Хватаю ближайшего за горло, прижимаю к стене. Он единственный, кто в сознании, его широкие, испуганные глаза смотрят на меня с мольбой о пощаде. Желание защитить, обрушить на него свою ярость, борется с необходимостью получить информацию.

— Зачем вы на нас напали? — требую я, мое лицо в сантиметрах от его. — Откуда вы, блять, пришли, и кому вы подчиняетесь?

Он хрипит, выдавая слабый, невнятный ответ, и я ослабляю хватку, чтобы он мог говорить.

Через плечо я кричу Лидии: — Возьми мой телефон. Позвони Алексу и скажи, чтобы прислал команду для зачистки, сейчас же.

Держу его за шею, но, прежде чем он успевает сказать еще слово, его голова откидывается назад, ударяясь о бетон, и круг малинового цвета расцветает в центре лба.

Лидия кричит. Я бросаю его тело на землю, прижимаю ее и накрываю собой. Чертов снайпер. Но больше выстрелов не следует.

Нападавший был целью, потому что я заставил бы его заговорить.

Кто-то убил его. Кто-то наблюдает. Кто-то не хочет, чтобы я знал, что они задумали. Черт.

Подъезжает машина, и я мгновенно насторожен, но Лидия выдыхает: — Это Алекс.

Алекс и команда наших людей быстро выходят из машины. Алекс тренировал двух старых людей Иванова, и они здесь, чтобы помочь нам. Они действуют быстро и слаженно.

— Они сбежали, — говорю я. — Но здесь снайпер, Алекс. Он хочет напугать нас, но пока не готов действовать.

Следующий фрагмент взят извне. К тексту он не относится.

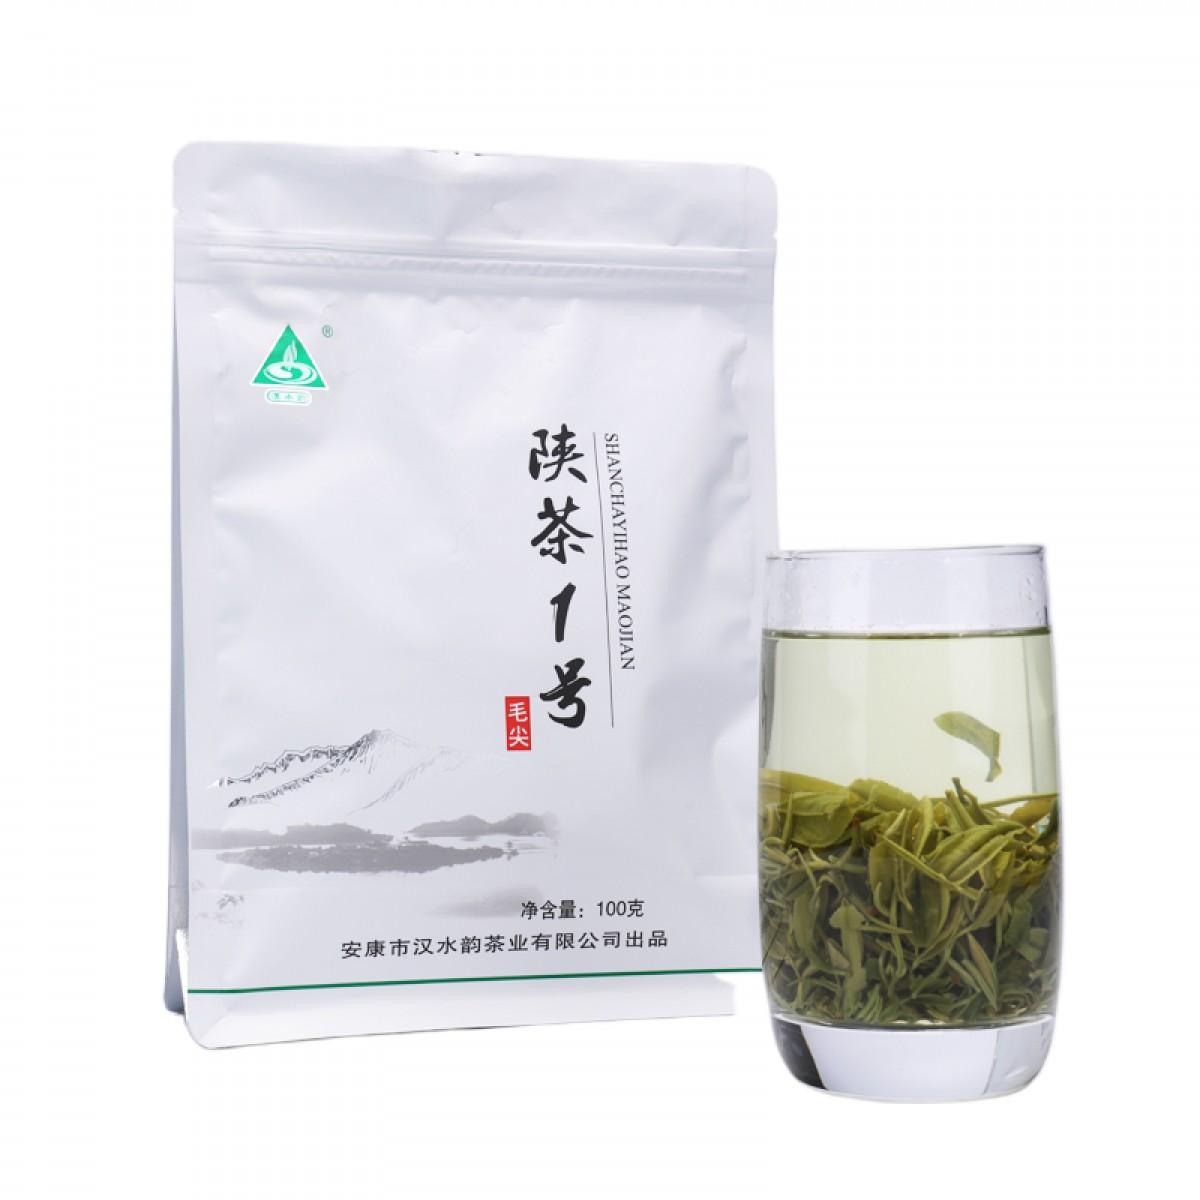 陕茶一号毛尖 安康富硒茶汉水韵绿茶100g

— Мы обыщем все вокруг, чтобы найти, где они могли спрятаться. Я хочу, чтобы все было проверено.

Только когда схватка заканчивается, и наши нападающие либо обезврежены, либо сбежали, я замечаю кровь на шерсти Никиты́.

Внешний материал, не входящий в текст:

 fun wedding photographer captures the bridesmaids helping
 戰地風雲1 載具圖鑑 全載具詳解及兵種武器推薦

Лидия опускается на колени рядом с собакой, ее руки дрожат, когда она раздвигает густую черную шерсть.

— Она истекает кровью, — говорит Лидия, голос срывается. На боку Никиты́ небольшая сочащаяся рана, но сразу не ясно, что ее вызвало. — Никита́ в порядке? — спрашивает Лидия, ее глаза наполняются слезами, а лицо краснеет. Она плачет? Я не могу понять, плачет ли она. — С ней все будет хорошо, да? Она истекает кровью, Виктор.

— Ты в порядке? — спрашиваю, хотя комок подступает к горлу, когда я опускаюсь на колени рядом с ними.

— Я в порядке, я в порядке, — говорит Лидия, хотя ее рука дрожит.

Я возвращаюсь к Никите́.

Черт. Никиту́ ранили. Блядь. Мои руки дрожат. Если кто-то ранил мою собаку… Если кто-то, блять, ранил мою собаку…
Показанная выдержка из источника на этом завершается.